Archange est un tableau significatif de l’évolution esthétique de Klee à la fin de sa vie. Le trait s’épaissit, la composition tend vers l’épure, la référence aux signes mystérieux se fait plus soutenue (ici la calligraphie islamique témoigne de l’influence de l’Orient).
Rayé de la liste
Hitler arrive au pouvoir en Allemagne en 1933. Klee est voué à l’exil en Suisse. Victime d’une maladie rare (sclérodermie) en 1935, il ne se porte pas bien mais il continue à produire beaucoup (plus de 200 dessins en 1933) et ne perd pas son humour ni son sens de l’ironie. Il veut illustrer la révolution nationale-socialiste avant de s’exiler. Des dessins témoignent de la violente angoisse qui s’abat sur le pays. En contrepoint, la forme est enfantine et ludique. La source de la peur se lit dans la forme des corps, le trait se raidit aussi à cause de sa maladie. Rayé de la liste est un tableau frontal qui dit avec force la démesure de la propagande nazie. L’artiste est violemment attaqué par les autorités ; il est destitué de sa chaire de professeur à l’Académie de Düsseldorf et une centaine de tableaux sont retirés des collections publiques, détruits ou vendus. Le Bauhaus (qu’il avait fini par quitter deux ans plus tôt) a été dissolu par Göring en 1933, il a été qualifié par les nazis d’officine du bolchevisme culturel.
En 1939, Paul Klee ne cesse d’exprimer son malaise sur le papier, créant ainsi plus de 1200 oeuvres. Tel un journal intime, tous ses dessins témoignent de l’indicible terreur qui se prépare.
Paul Klee est exilé en Suisse, il suit l’horreur de loin. Elle est néanmoins au coeur de ses préoccupations. Au vu de cette petite moustache caractéristique, est-ce Hitler qui se trouve au centre du tableau Insula Dulcamara ? Et ce titre « île douce-amère » ne serait-ce pas un clin d’oeil à la Suisse ?
Dans les dernières années de sa vie, la détresse gagne beaucoup de terrain et imprégne fortement ses toiles. Il y a la détresse de l’humanité et la détresse intime.
La figure de l’ange accompagne Paul Klee dans ses dernières heures de créativité. Le peintre rejoindra ses anges le 29 juin 1940 après avoir beaucoup lutté contre la maladie. Paul Klee est un magnifique faiseur de fables poétiques dont l’humour cache une tendre mélancolie. Le romantisme de son oeuvre réside dans son caractère organique et symbolique. Paul Klee a tissé un lien entre le monde fini et son fondement infini ; le signe y détient un puissant pouvoir d’évocation et se fait l’instrument d’une vision métaphysique du monde et de l’art.
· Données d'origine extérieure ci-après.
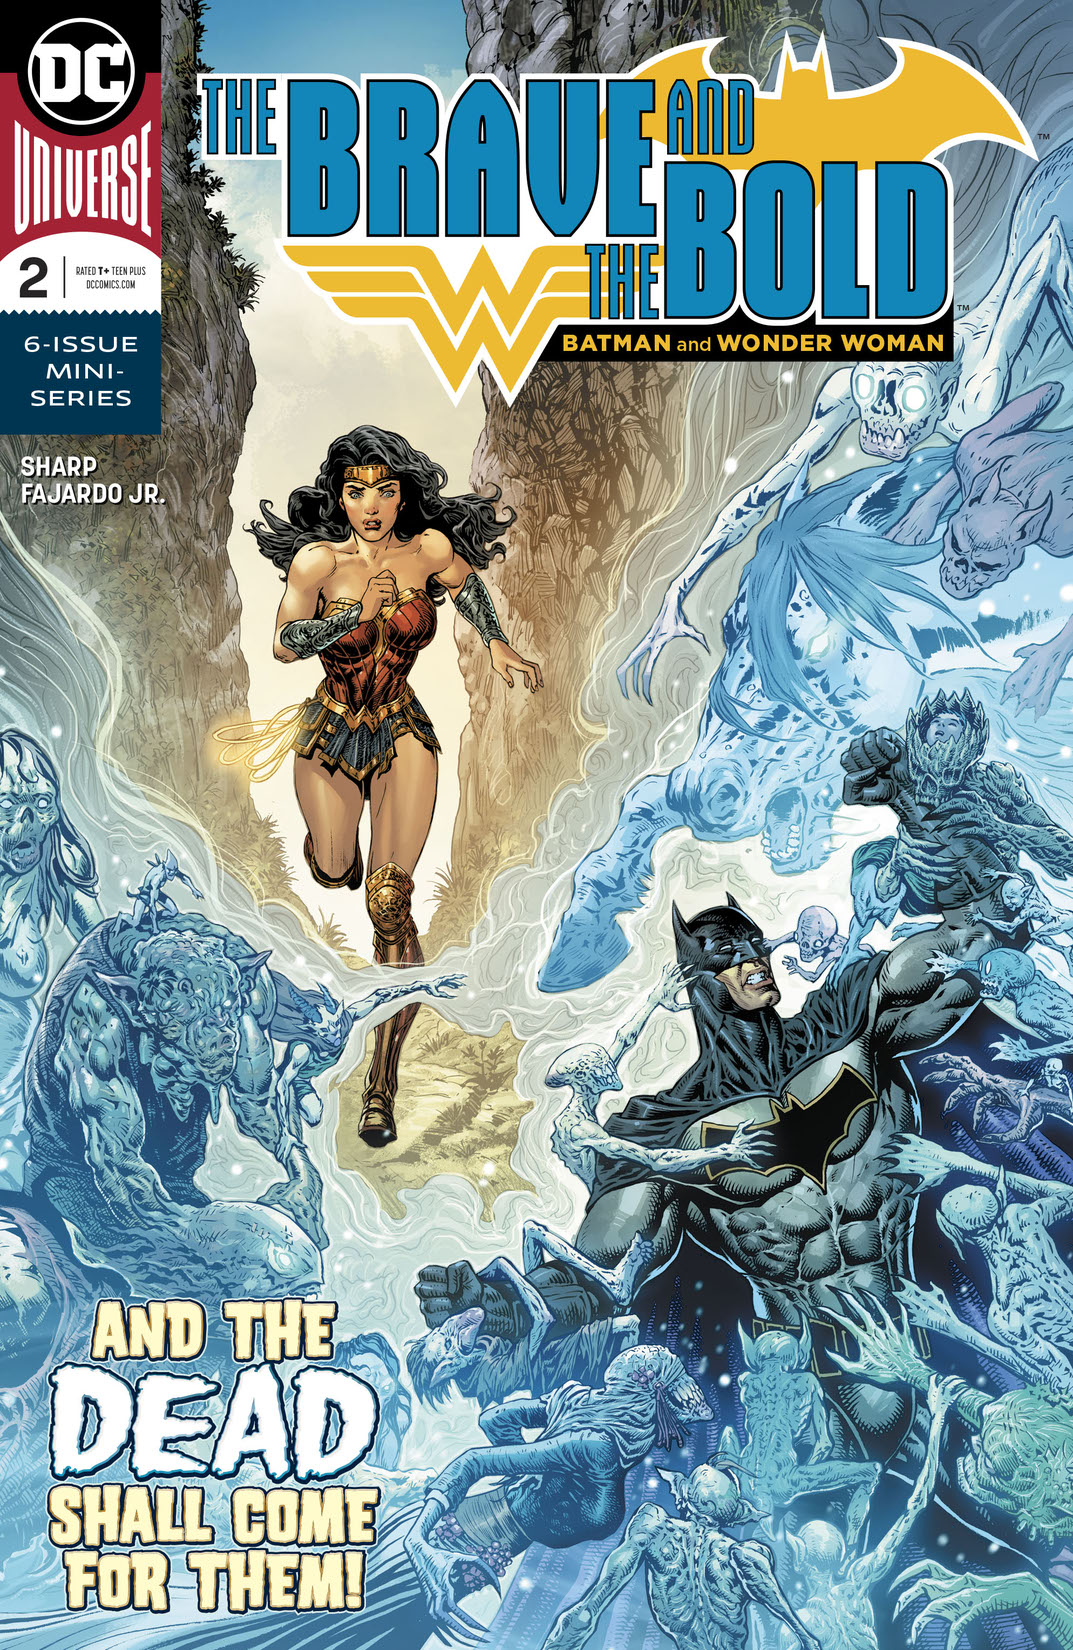 The Brave and the Bold: Batman and Wonder Woman #2 preview images

J’emprunte les mots d’Henri Michaud pour conclure ce moment passé avec Klee : « Pour entrer dans ses tableaux… il suffit d’être l’élu, d’avoir gardé la conscience de vivre dans un monde d’énigmes, auquel c’est en énigmes aussi qu’il convient le mieux de répondre. »
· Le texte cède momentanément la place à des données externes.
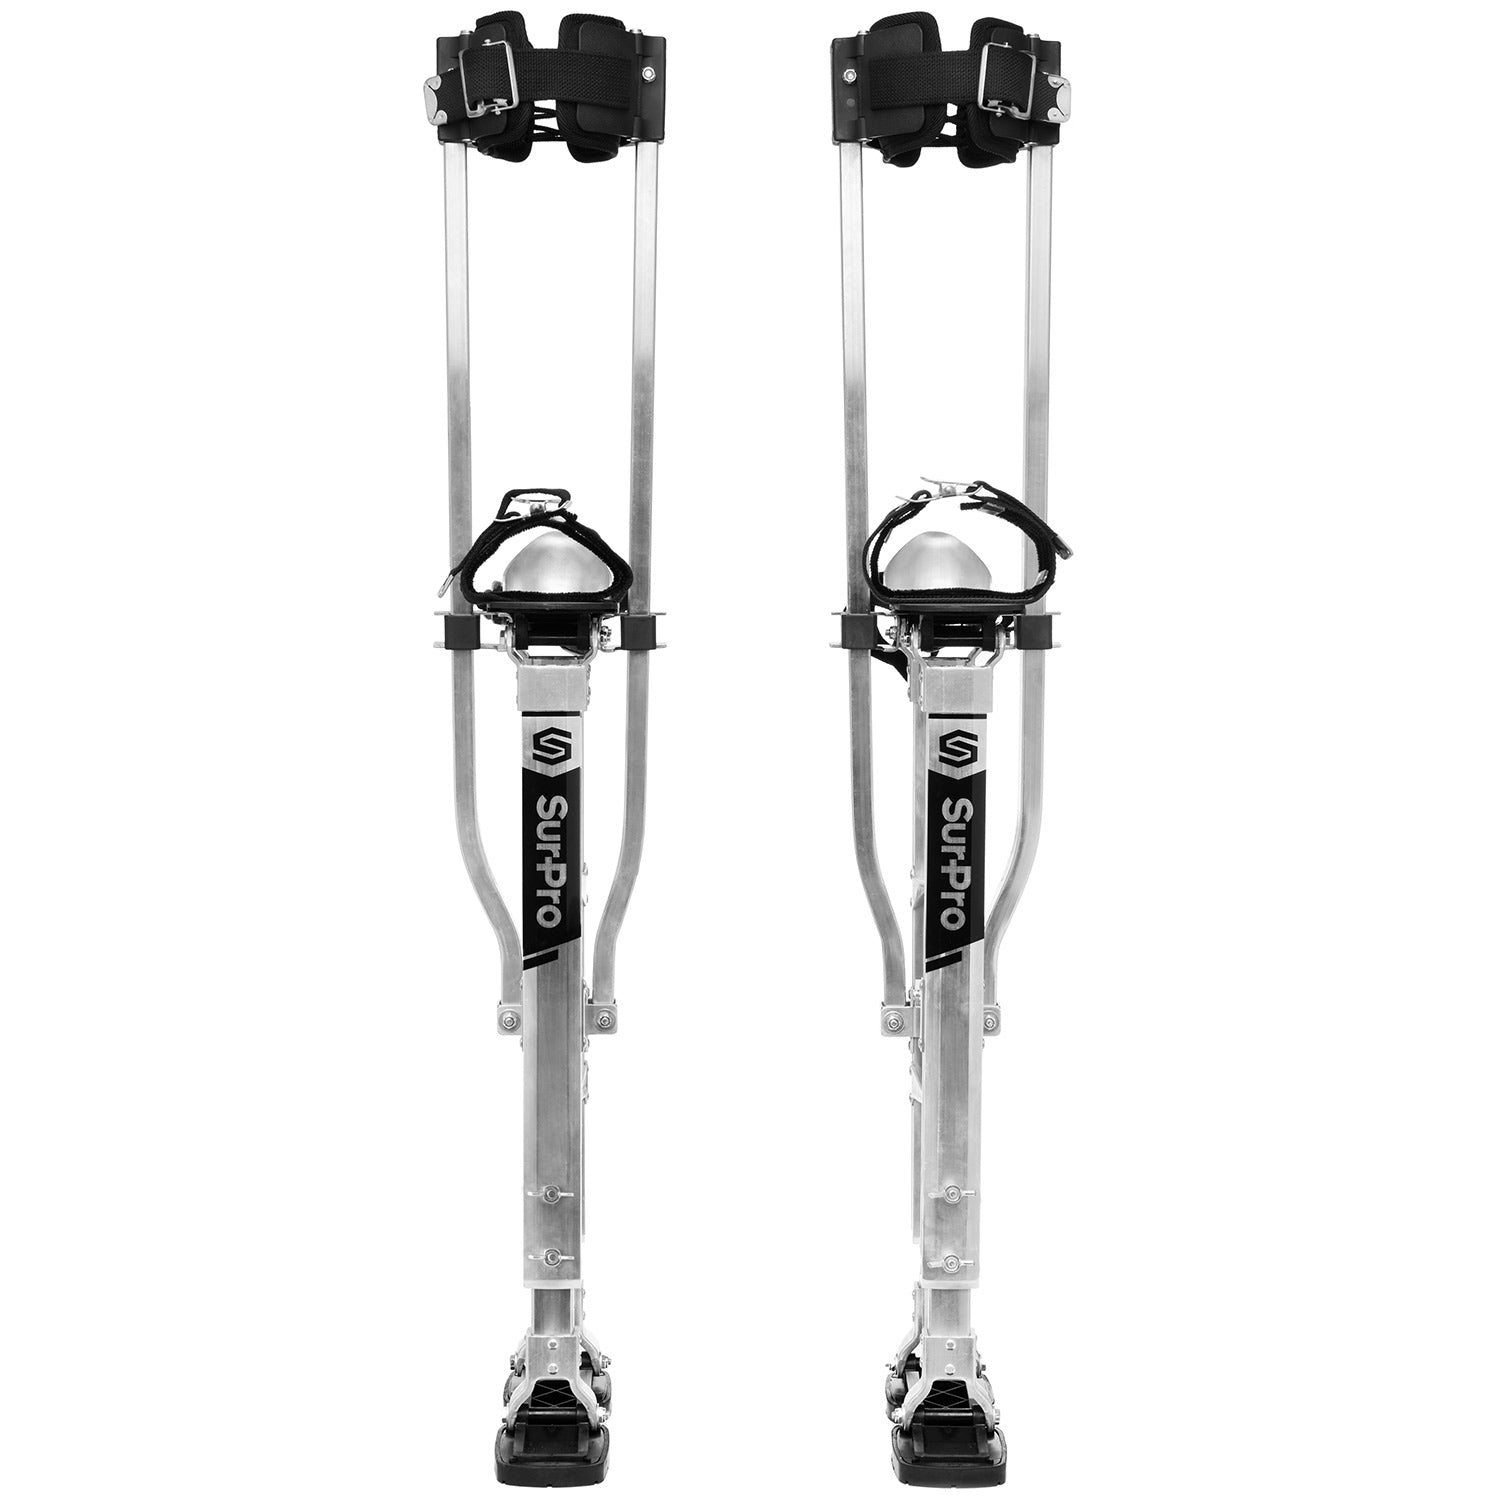 S2 Aluminum Drywall Stilts provide dual leg poles to increase balance and stability

« L’art ne reproduit pas le visible ; il rend visible. Et le domaine graphique, de par sa nature même, pousse à bon droit aisément à l’abstraction. Le merveilleux et le schématisme propres à l’imaginaire s’y trouvent donnés d’avance, et dans le même temps, s’y expriment avec une grande précision. Plus pur est le travail graphique, c’est à dire plus d’importance est donnée aux assises formelles d’une représentation graphique, et plus s’amoindrit l’appareil propre à la représentation réaliste des apparences. »
Extrait du « Crédo du Créateur » publié par Klee en 1920 à Berlin
4 réflexions sur “L’ironie acide de PAUL KLEE”
Fredrich
Merci pour cette belle présentation d’un artiste que je connaissais mal mais grâce à vous beaucoup mieux et qui donne envie d’en savoir plus encore !
Merci pour cette belle présentation d’un artiste que je connaissais mal mais grâce à vous beaucoup mieux et qui donne envie d’en savoir plus encore !
Très bel article ! Je crois que je vais braver la queue pour aller voir cette expo !!!
Dommage que je ne sois pas à Paris, merci pour ce joli voyage!
Fabuleux j’ai découvert un artiste et tellement complet passionnant.